2. Instrumentality refers to an individual's belief that their performance will lead to desired
rewards.
3. Expectancy refers to an individual's belief that their effort will lead to the desired level of
performance.
The content of "Organizational Behavior (2023, Pearson).pdf" and "Management 2016.pdf" reference and
support these statements in the multiple sections on motivation, rewards, and compensation.
Equity theory
developed by John Stacy Adams, proposes that individuals strive for fair treatment in their relationships.

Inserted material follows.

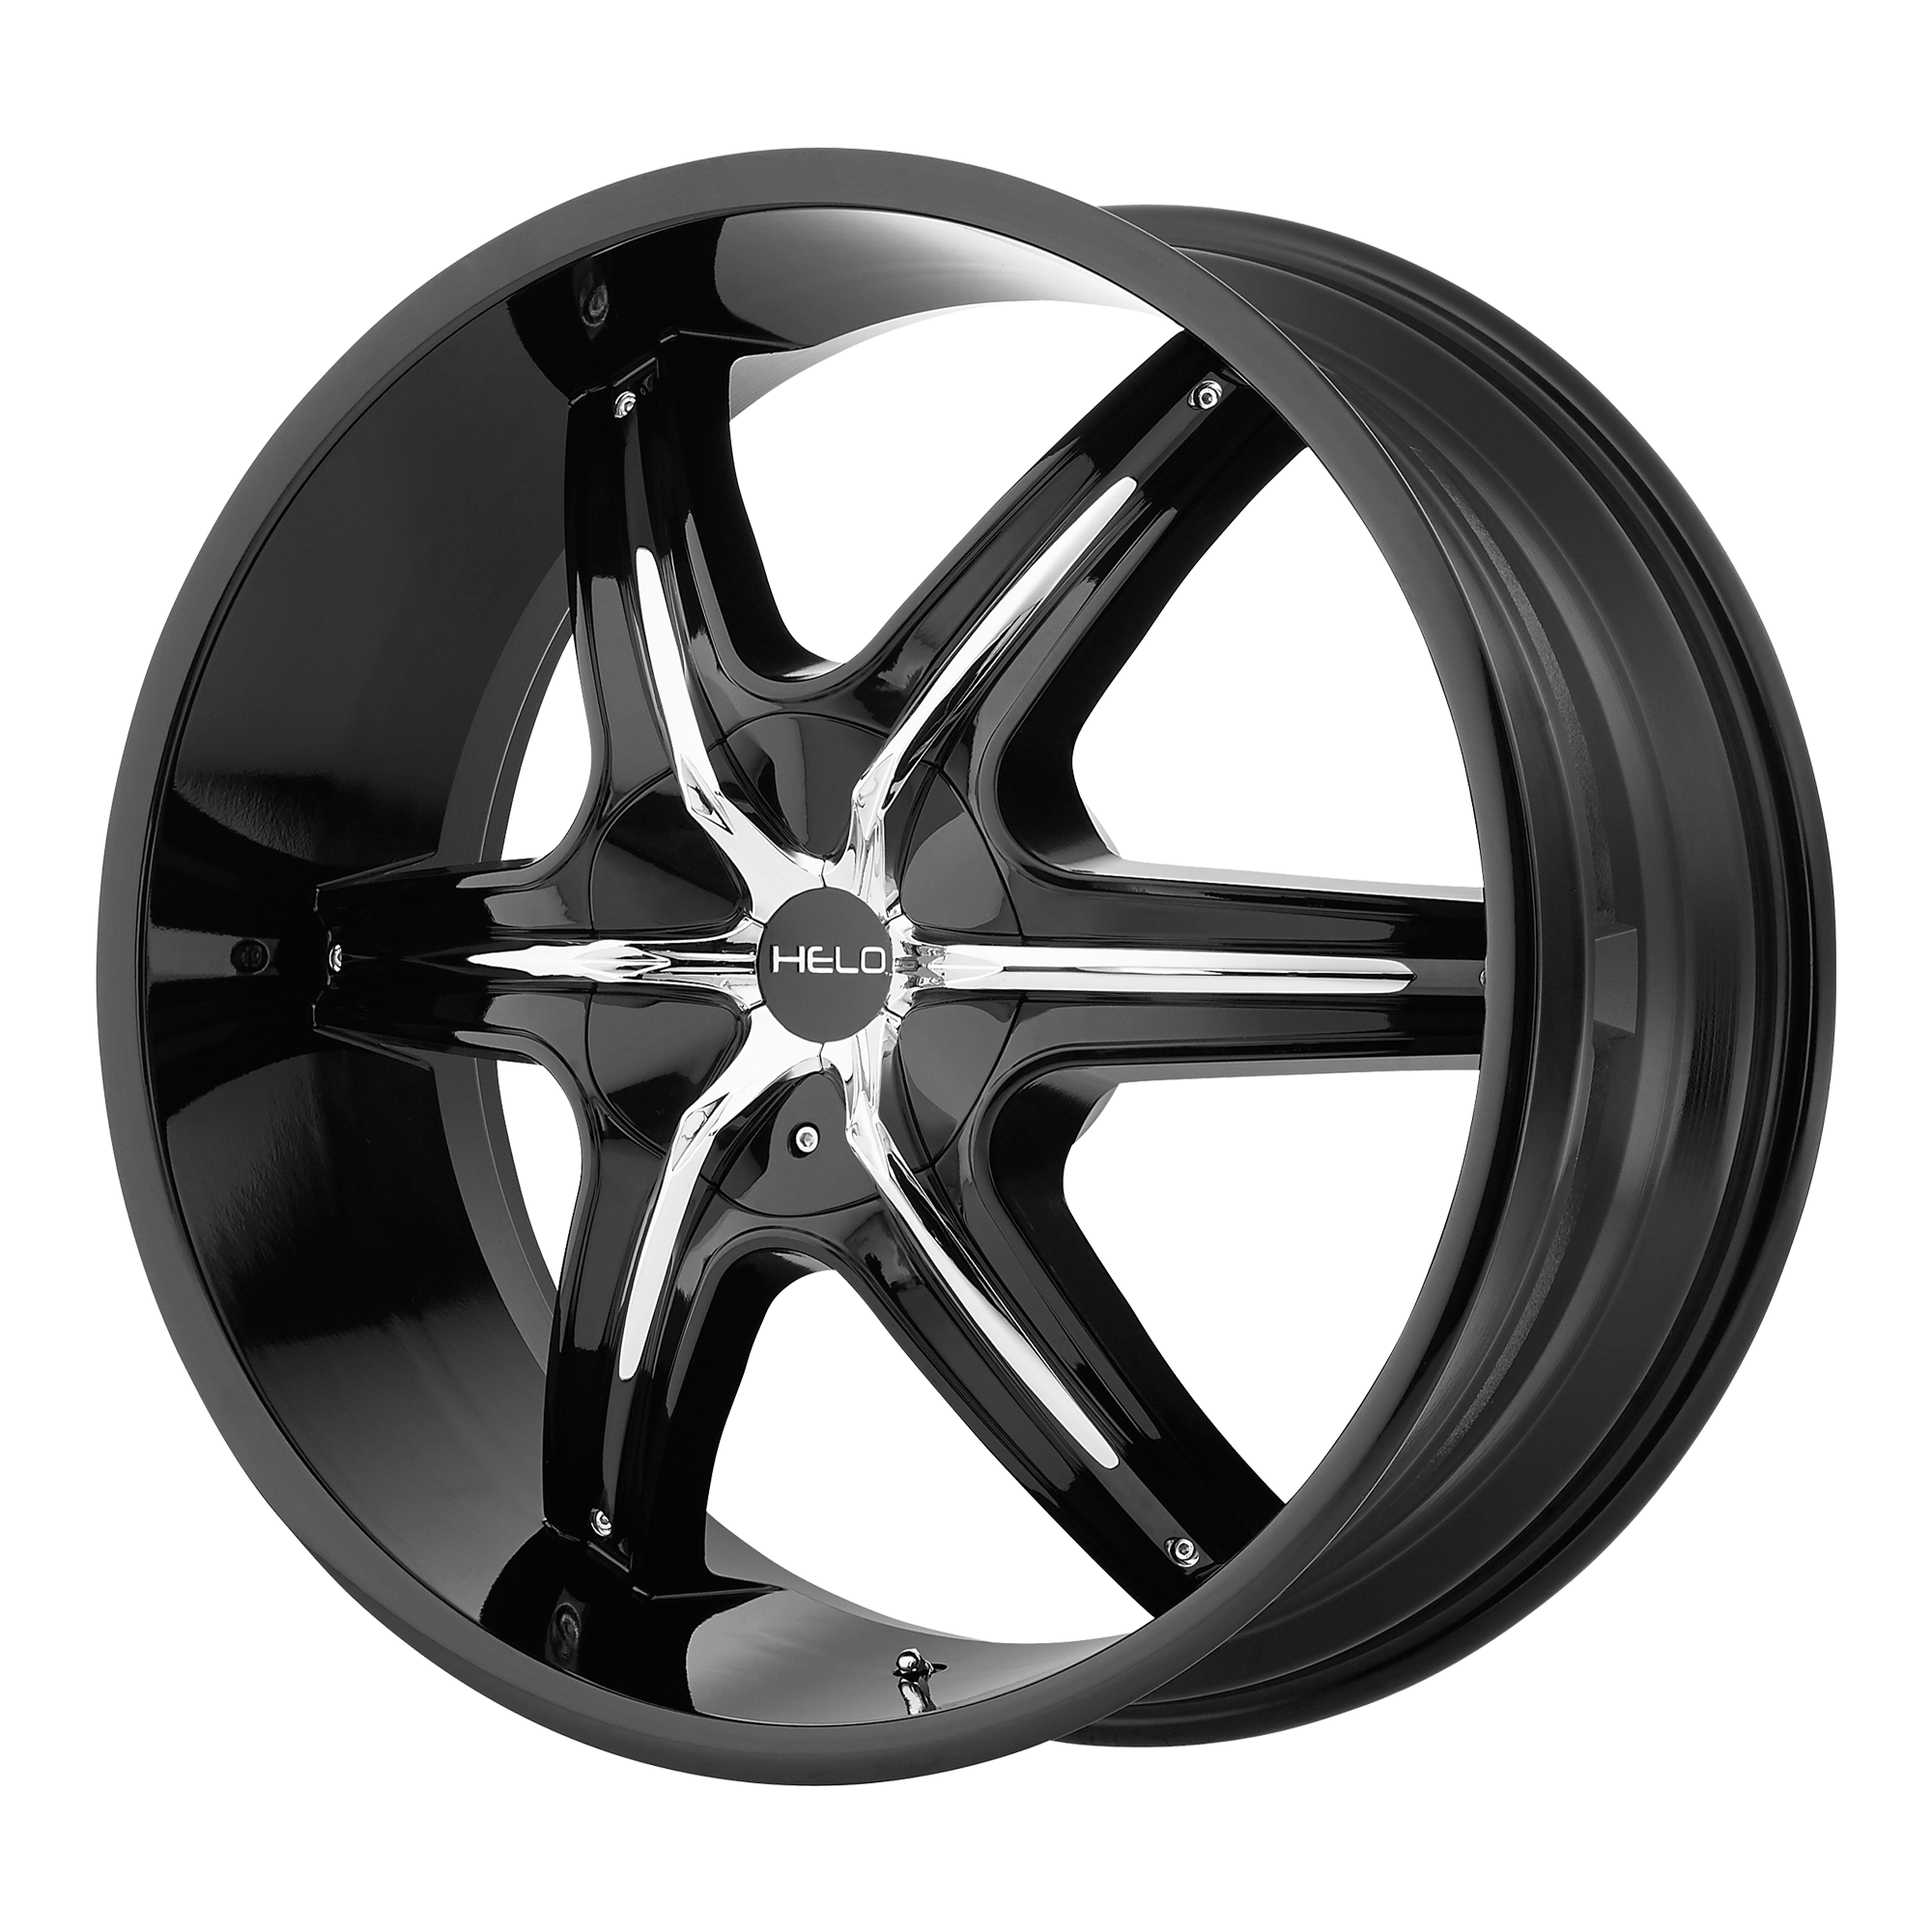 HE891 20x8.5 5x115.00/5x120.65 GLOSS BLACK W/ GLOSS BLACK AND CHROME ACCENTS (10 mm) - Tires and Engine Performance

Individuals make social comparisons between their rewards and contributions. When they perceive an
imbalance, they experience inequity. This inequity motivates them to act to restore fairness.
● Merit-based pay plan: A merit-based pay plan pays for individual performance based on
performance appraisal ratings. If designed correctly, merit-based plans let individuals perceive a
strong relationship between their performance and their rewards.
● Bonus: A bonus is a one-time reward, not an increase in base salary. It is a pay plan that rewards
employees for recent performance rather than historical performance.
● Profit-sharing plan: A profit-sharing plan distributes compensation based on some established
formula designed around a company's profitability. Compensation can be direct cash outlays or
allocations of stock options.
●
● Employee stock ownership plan (ESOP): An ESOP is a company-established benefit plan in
which employees acquire stock, often at below-market prices, as part of their benefits. Employees
can sell the stock once they leave the company.
● Employee recognition program: An employee recognition program is a plan to encourage
specific behaviors by formally appreciating specific employee contributions. They can be a
powerful motivator for employees and are also relatively inexpensive.